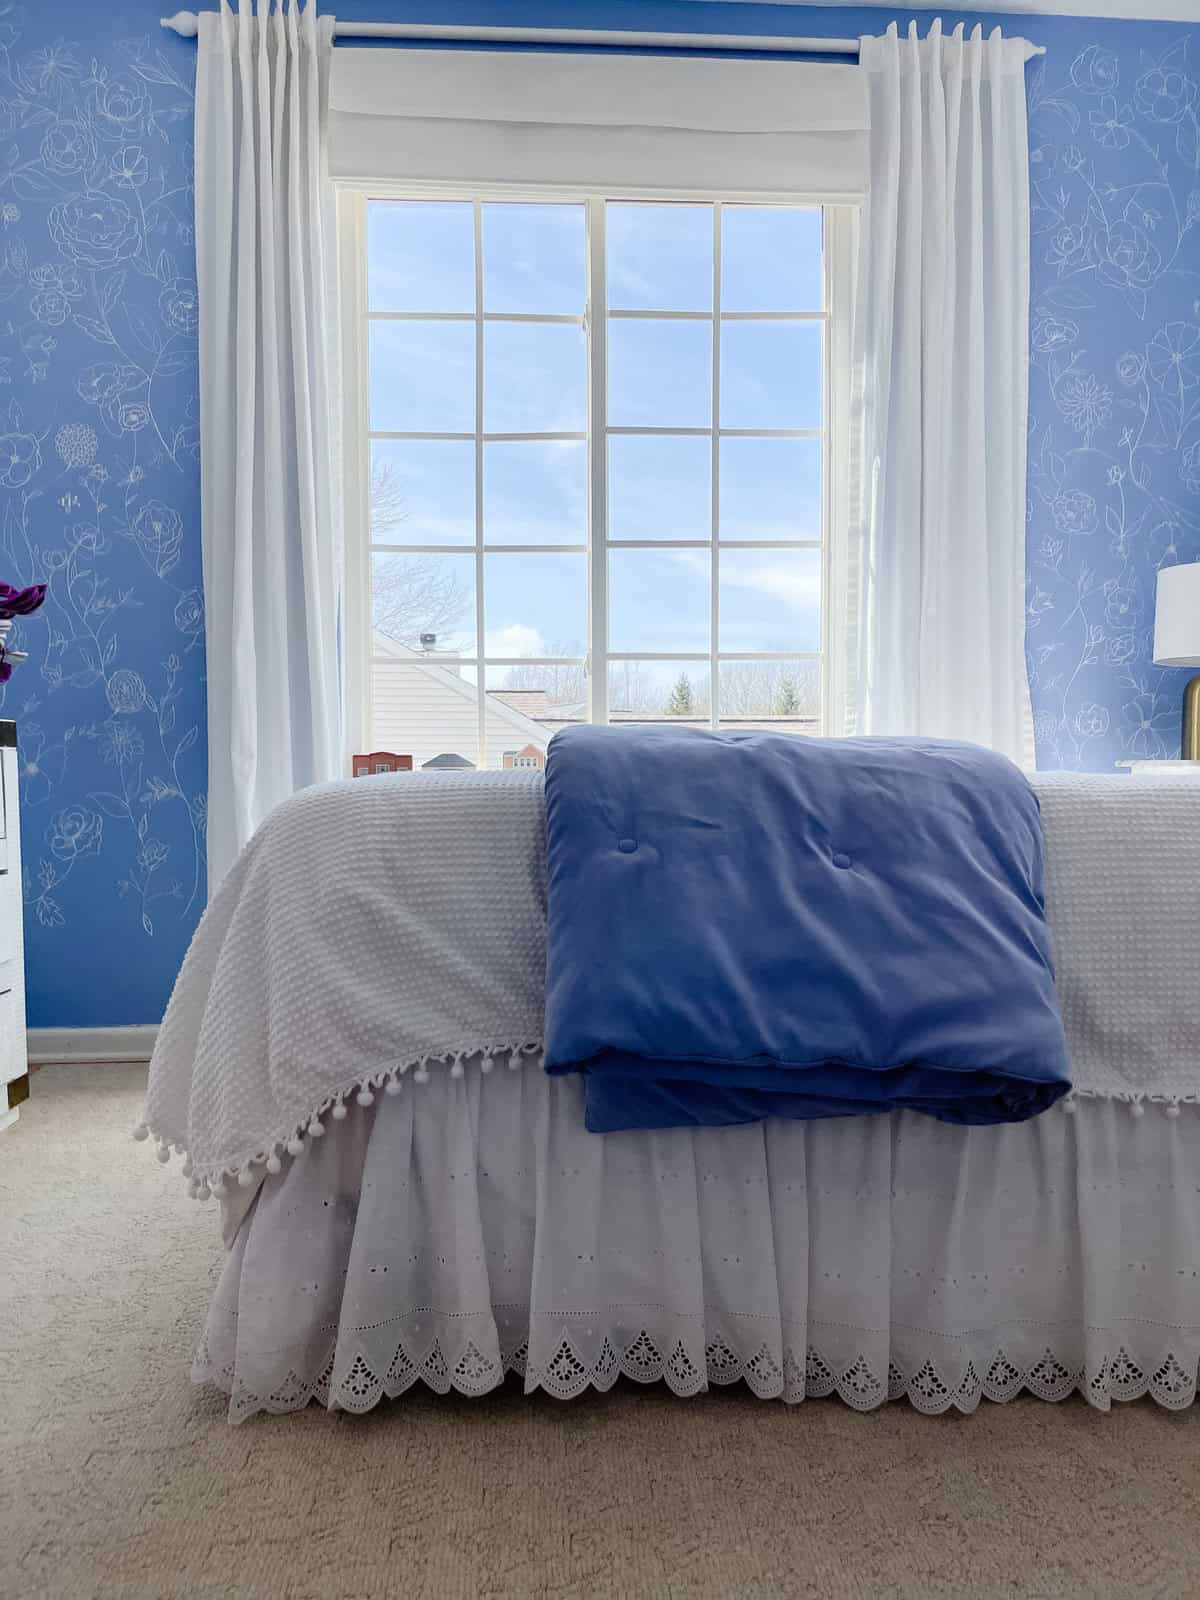 Tween Bedroom Ideas blue
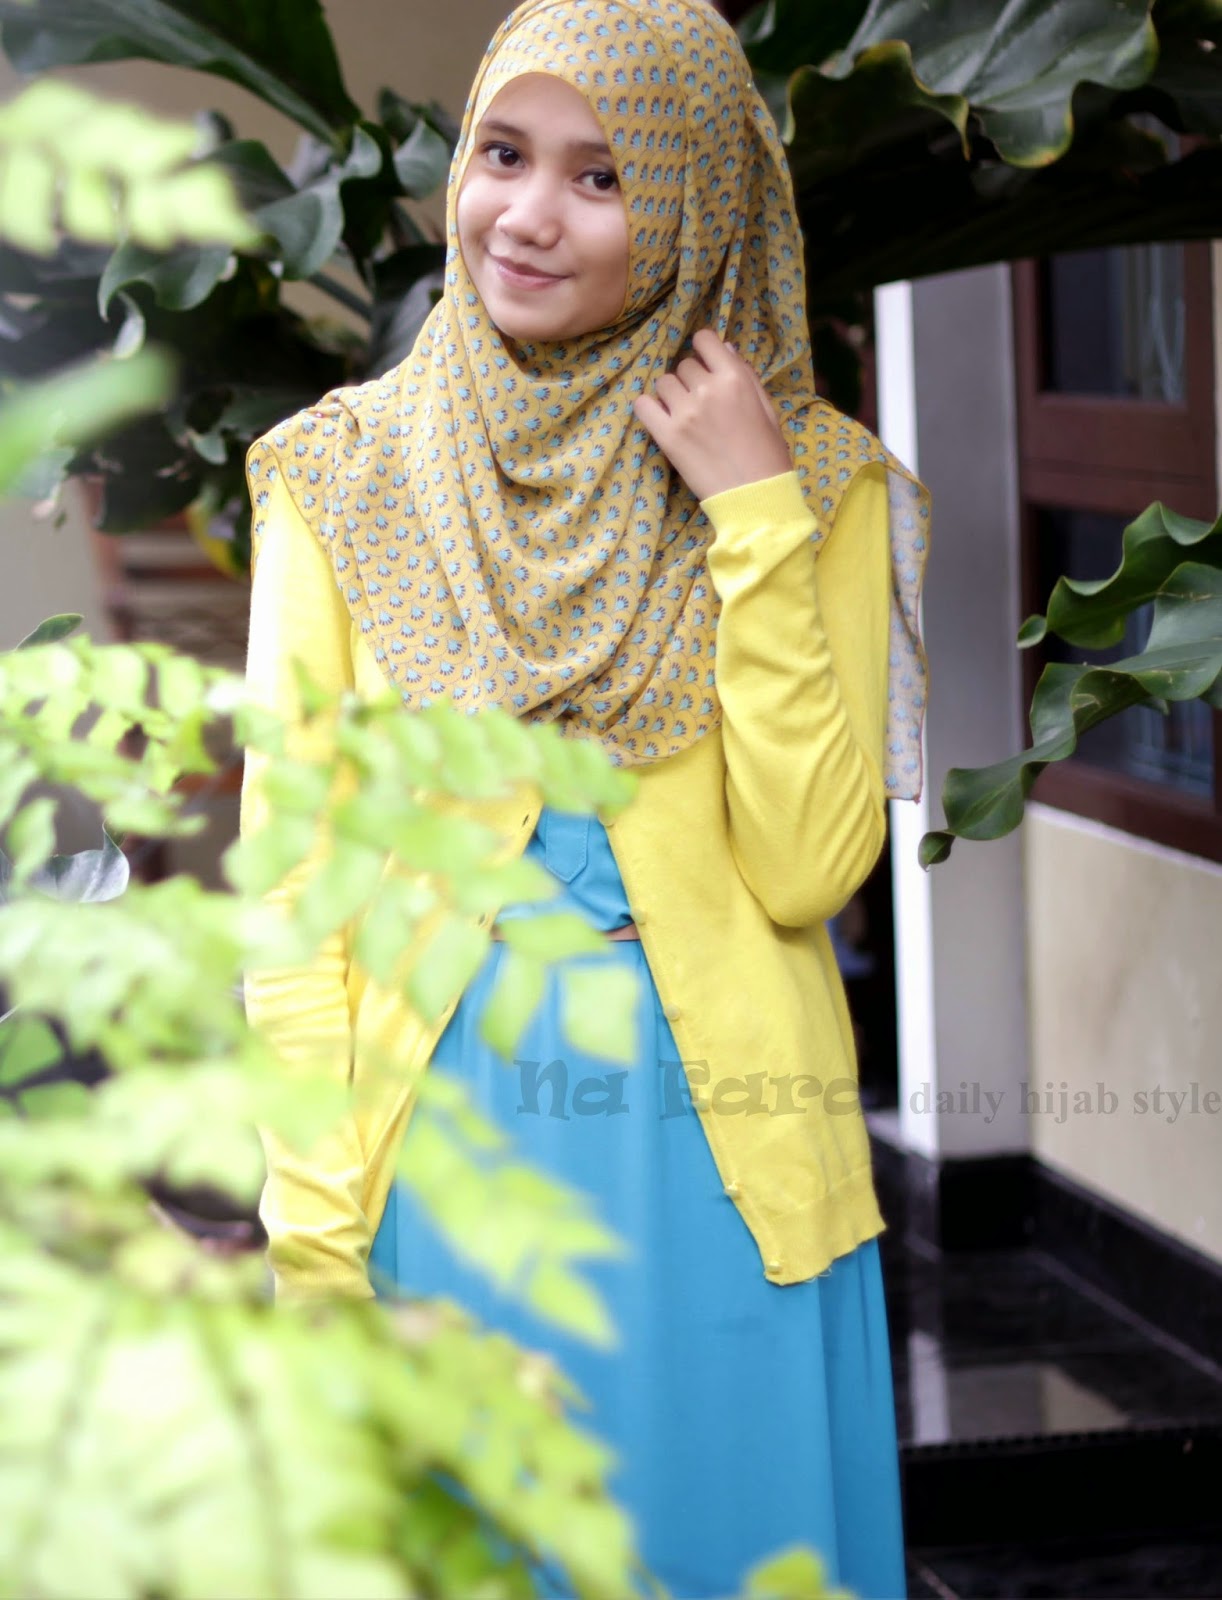 NA FARA daily hijab style maxi dress polos 
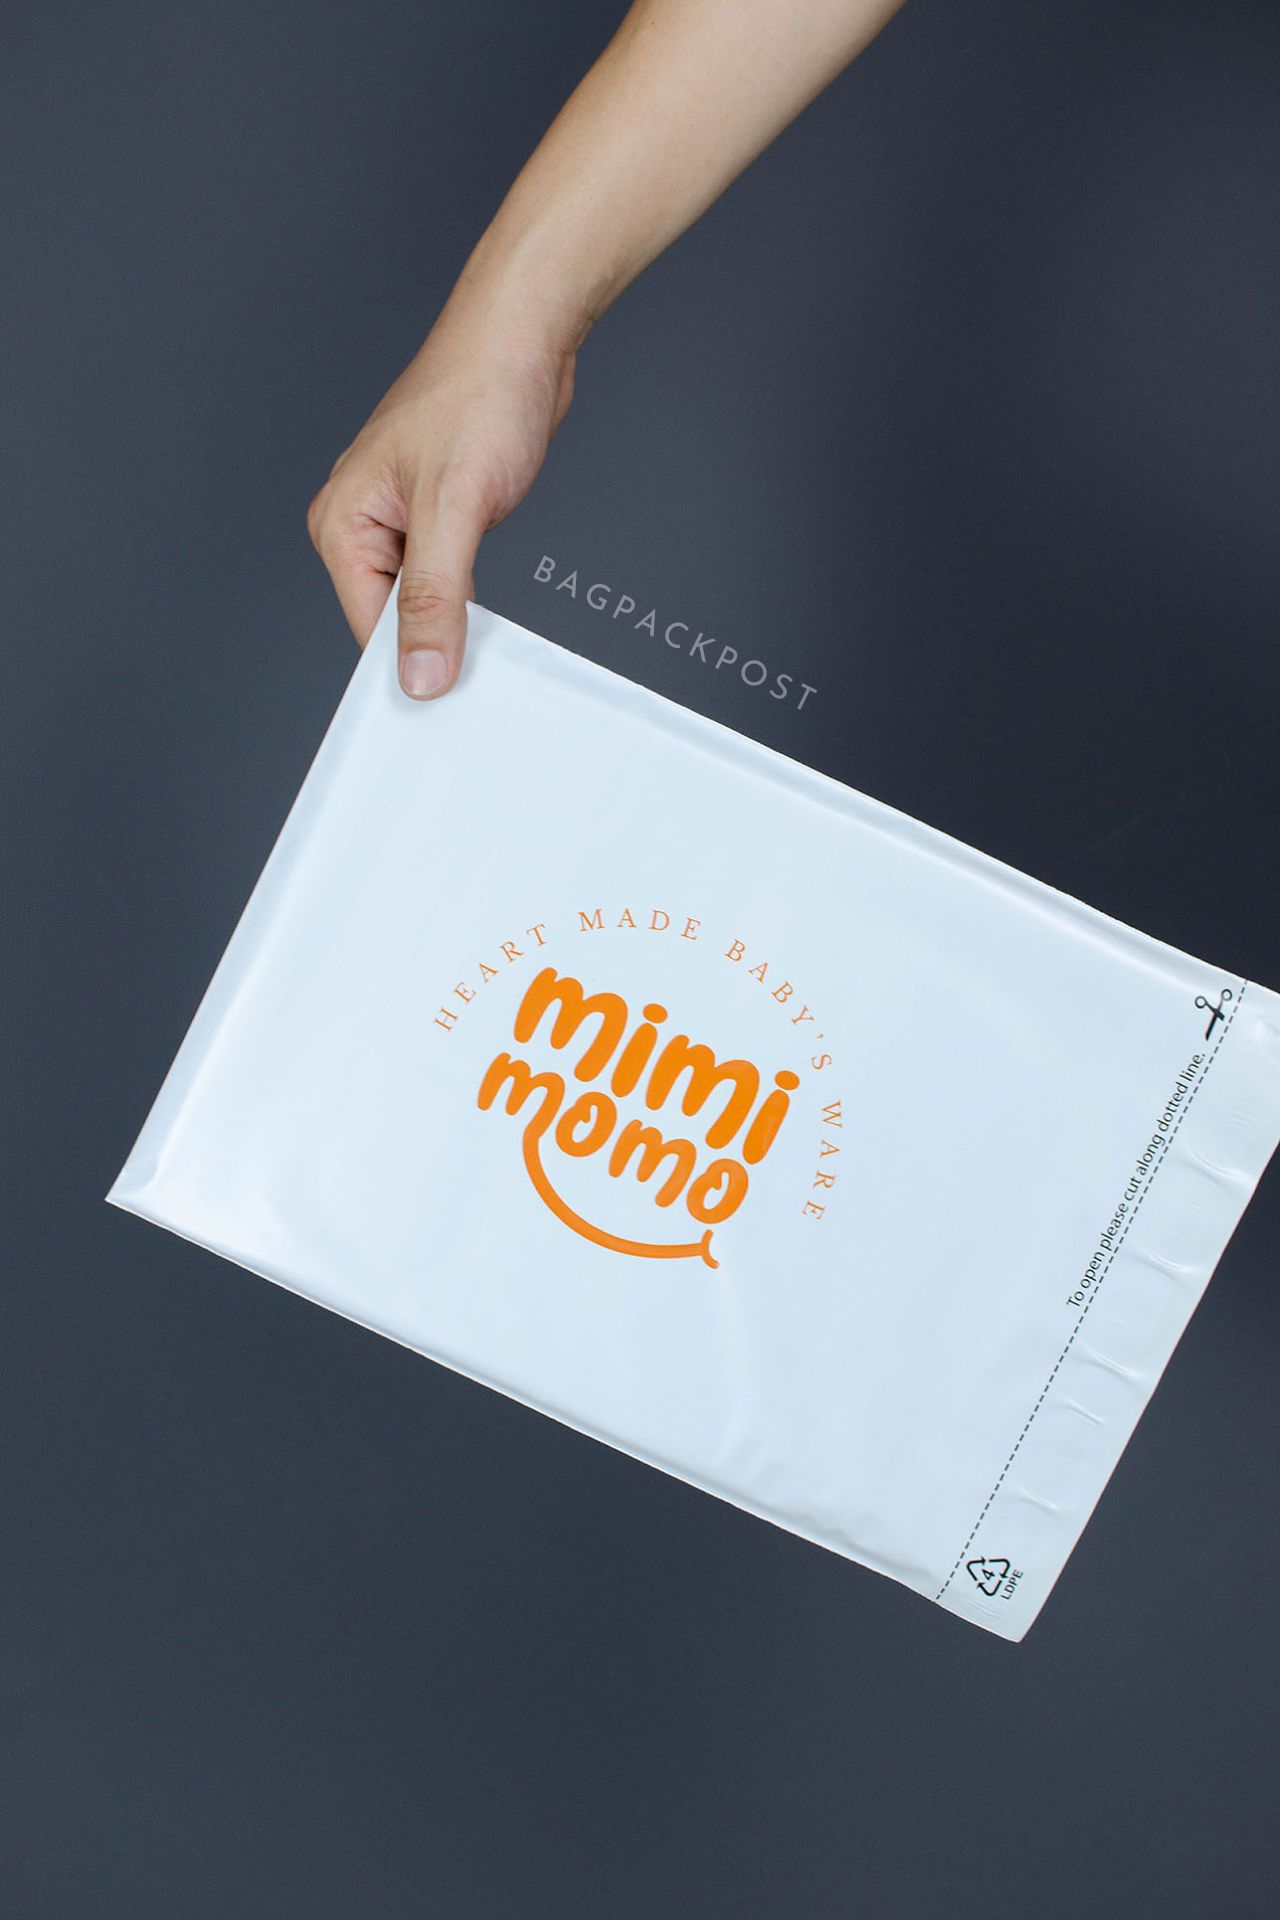 ผลิตถุงไปรษณีย์ ซองไปรษณีย์พิมพ์ลาย mimimomo ซองไปรษณีย์สีขาว ถุงไปรษณีย์พิมพ์ลาย 1 BagPackPost
------------------------------------------------------------
BRIEF —
All the lines above are to be reproduced exactly, except the pictures.

EXERCISE ANSWER —
 Tween Bedroom Ideas blue
 NA FARA daily hijab style maxi dress polos 
 ผลิตถุงไปรษณีย์ ซองไปรษณีย์พิมพ์ลาย mimimomo ซองไปรษณีย์สีขาว ถุงไปรษณีย์พิมพ์ลาย 1 BagPackPost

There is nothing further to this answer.